The concept of humoral immunity developed based on the analysis of antibacterial activity of the serum components. Hans Buchner is credited with the development of the humoral theory.[2] In 1890, Buchner described alexins as "protective substances" that exist in the blood serum and other bodily fluids and are capable of killing microorganisms. Alexins, later redefined as "complements" by Paul Ehrlich, were shown to be the soluble components of the innate response that leads to a combination of cellular and humoral immunity. This discovery helped to bridge the features of innate and acquired immunity.[2]

Following the 1888 discovery of the bacteria that cause diphtheria and tetanus, Emil von Behring and Kitasato Shibasaburō showed that disease need not be caused by microorganisms themselves. They discovered that cell-free filtrates were sufficient to cause disease. In 1890, filtrates of diphtheria, later named diphtheria toxins, were used to vaccinate animals in an attempt to demonstrate that immunized serum contained an antitoxin that could neutralize the activity of the toxin and could transfer immunity to non-immune animals.[3] In 1897, Paul Ehrlich showed that antibodies form against the plant toxins ricin and abrin, and proposed that these antibodies are responsible for immunity.[2] Ehrlich, with his colleague von Behring, went on to develop the diphtheria antitoxin, which became the first major success of modern immunotherapy.[3] The discovery of specified compatible antibodies became a major tool in the standardization of immunity and the identification of lingering infections.[3]
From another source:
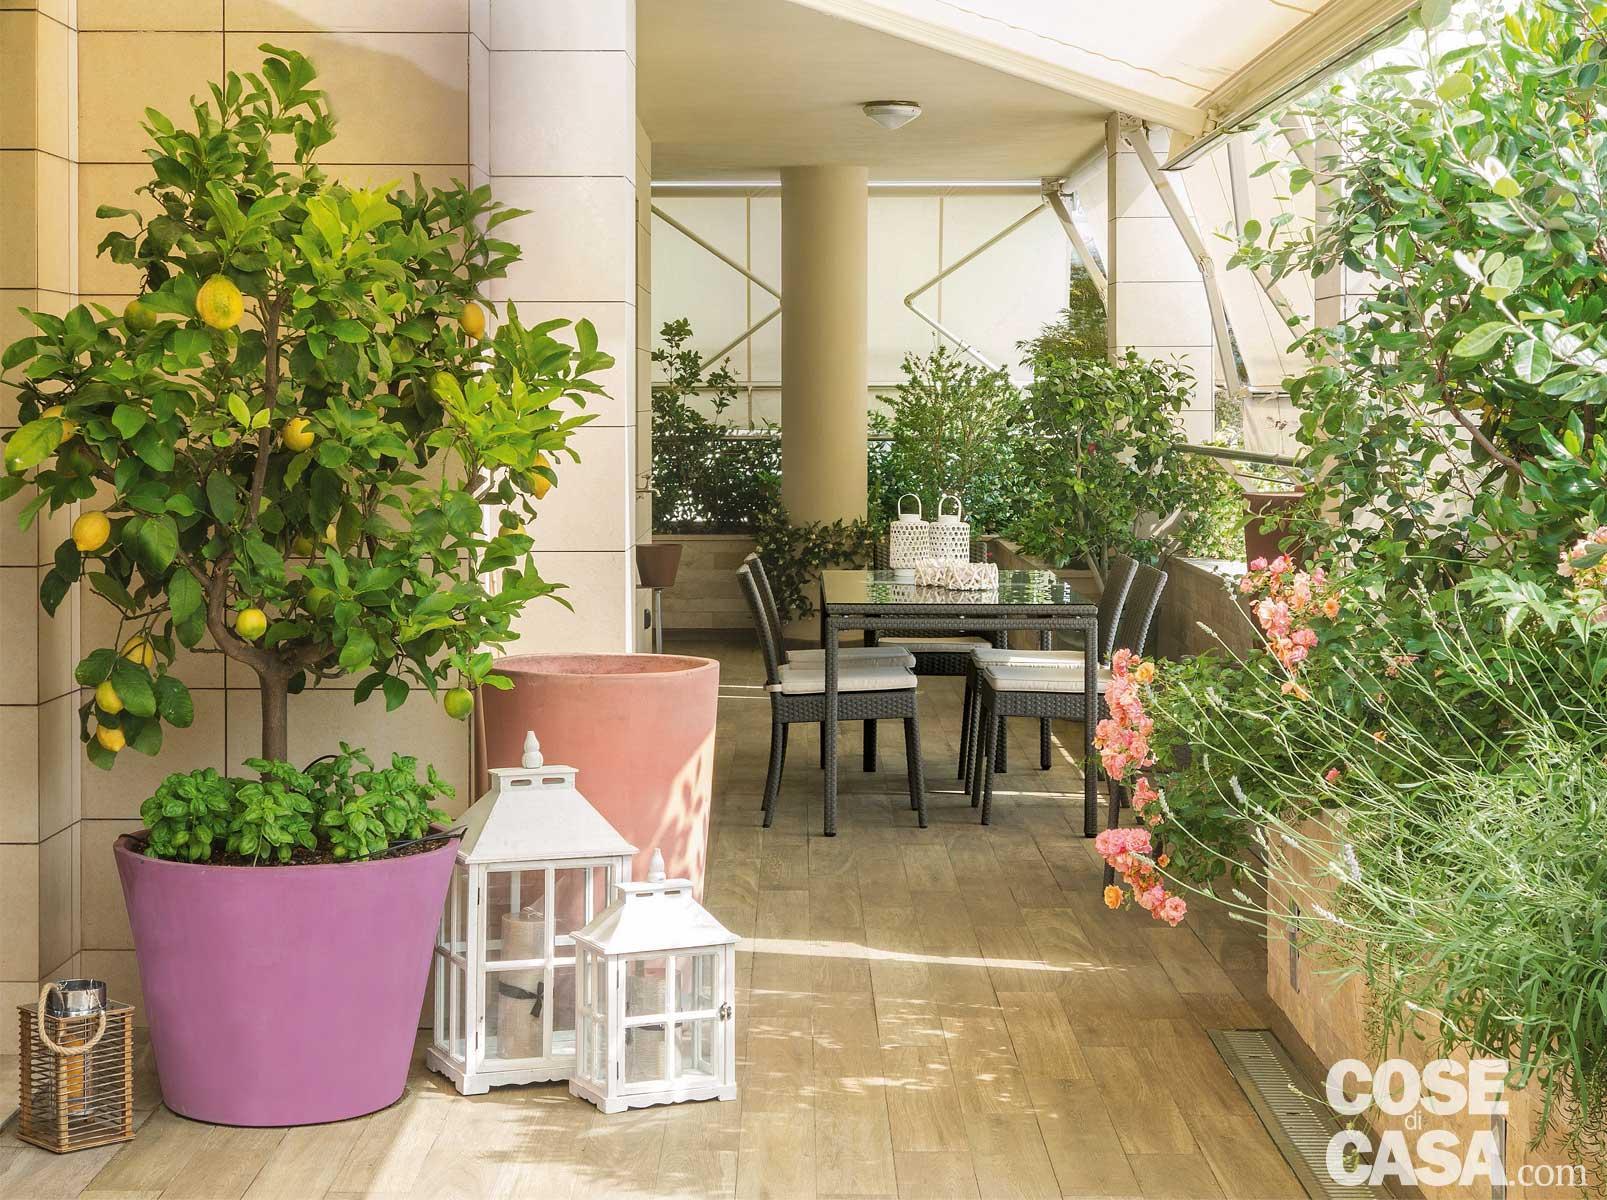 La terrazza diventa living arredare anche con le piante cose di casa - Piante per il terrazzo ...

Major discoveries in the study of humoral immunity[3]
SubstanceActivityDiscovery
Alexin(s)/Complement(s)Soluble components in the serum
that are capable of killing microorganisms
Buchner (1890),
Ehrlich (1892)
AntitoxinsSubstances in the serum that can neutralize the activity of toxins, enabling passive immunizationvon Behring and Shibasaburō (1890)
BacteriolysinsSerum substances that work with the
complement proteins to induce bacterial lysis
Richard Pfeiffer (1895)
Bacterial agglutinins
and precipitins
Serum substances that aggregate bacteria
and precipitate bacterial toxins
von Gruber and Durham (1896),
Kraus (1897)
HemolysinsSerum substances that work with complements
to lyse red blood cells
Jules Bordet (1899)
OpsoninsSerum substances that coat the outer membrane of foreign substances and enhance the rate of phagocytosis by macrophagesWright and Douglas (1903)[4]
AntibodyOriginal discovery (1900), antigen-antibody binding hypothesis (1938), produced by B cells (1948), structure (1972), immunoglobulin genes (1976)Ehrlich[2]

Antibodies

Immunoglobulins are glycoproteins in the immunoglobulin superfamily that function as antibodies. The terms antibody and immunoglobulin are often used interchangeably. They are found in the blood and tissue fluids, as well as many secretions. In structure, they are large Y-shaped globular proteins. In mammals there are five types of antibody: immunoglobulin A, immunoglobulin D, immunoglobulin E, immunoglobulin G, and immunoglobulin M. Each immunoglobulin class differs in its biological properties and has evolved to deal with different antigens.[5] Antibodies are synthesized and secreted by plasma cells that are derived from the B cells of the immune system.

An antibody is used by the acquired immune system to identify and neutralize foreign objects like bacteria and viruses. Each antibody recognizes a specific antigen unique to its target. By binding their specific antigens, antibodies can cause agglutination and precipitation of antibody-antigen products, prime for phagocytosis by macrophages and other cells, block viral receptors, and stimulate other immune responses, such as the complement pathway.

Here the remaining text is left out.